Joe Kasper, Defense Secretary Pete Hegseth’s chief of staff will leave his role in the coming days for a new position at the agency, according to a senior administration official, amid a week of turmoil for the Pentagon.

Senior adviser Dan Caldwell, Hegseth deputy chief of staff Darin Selnick and Colin Carroll, the chief of staff to Deputy Defense Secretary Stephen Feinberg, were placed on leave this week in an ongoing leak probe. All three were terminated on Friday, according to three people familiar with the matter, who, like others, were granted anonymity to discuss a sensitive issue.

[snip]

Two of the people said Carroll and Selnick plan to sue for wrongful termination. The Pentagon did not respond to a request of comment.

Kasper had requested an investigation into Pentagon leaks in March, which included military operational plans for the Panama Canal, a second carrier headed to the Red Sea, Musk’s visit and a pause in the collection of intelligence for Ukraine.

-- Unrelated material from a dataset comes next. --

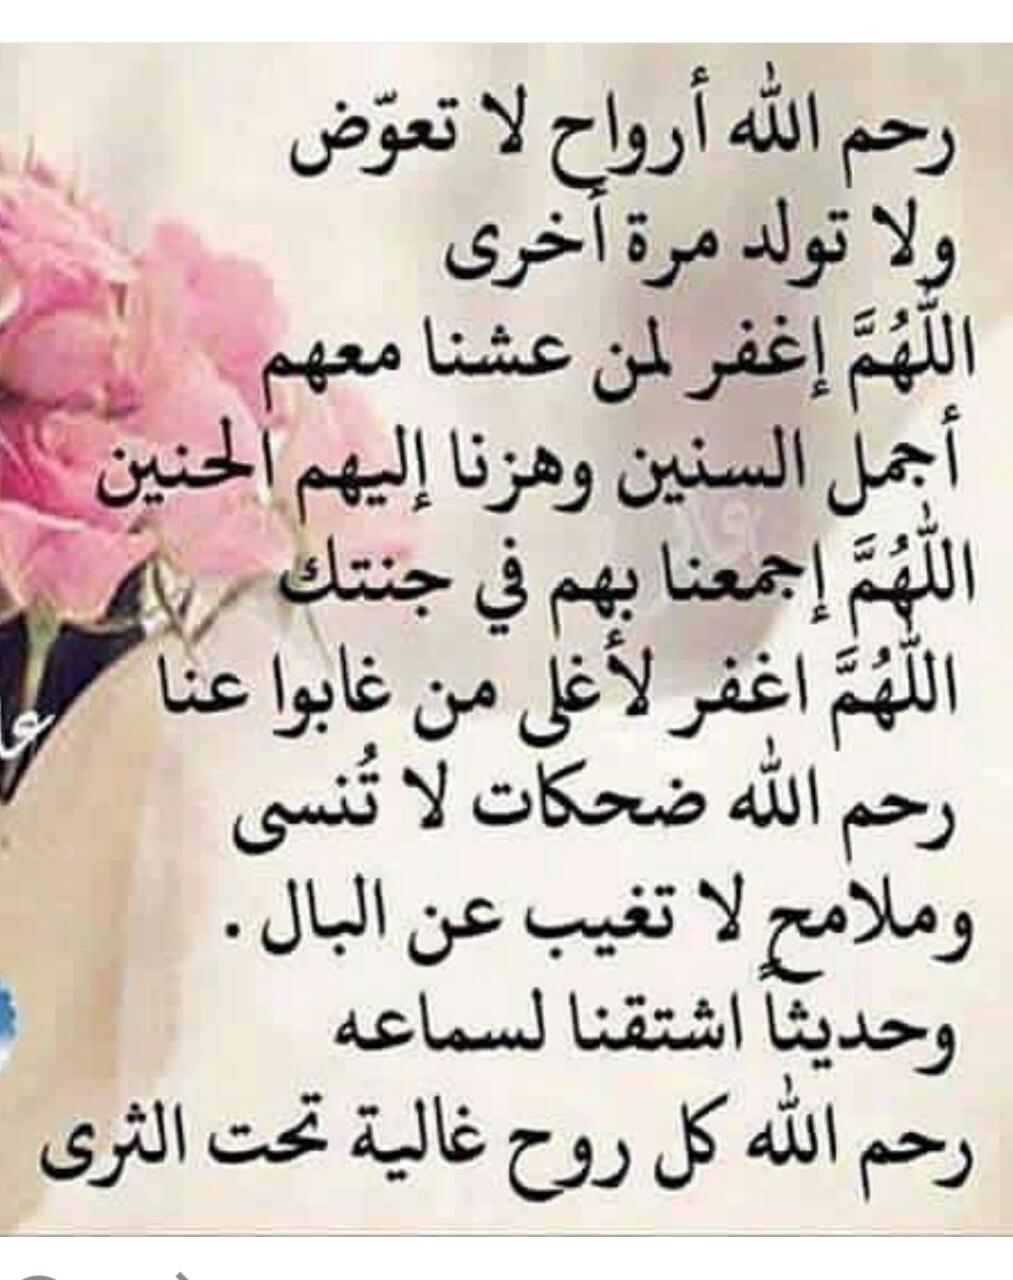 Pin By زهرة علي On اللهم صل على محمد وآل محمد وعجل فرجهم Sweet Quotes Dad Quotes Islam Facts

But some at the Pentagon also started to notice a rivalry between Kasper and the fired advisers.

“Joe didn’t like those guys,” said one defense official. “They all have different styles. They just didn’t get along. It was a personality clash.”

The changes will leave Hegseth without a chief of staff, deputy chief of staff, or senior adviser in his front office.

“There is a complete meltdown in the building, and this is really reflecting on the secretary’s leadership,” said a senior defense official. “Pete Hegseth has surrounded himself with some people who don’t have his interests at heart.” [my emphasis]

Some of those targeted — who have long-standing ties to Hegseth, going back to his failed non-profit management — are denying any role in leaks.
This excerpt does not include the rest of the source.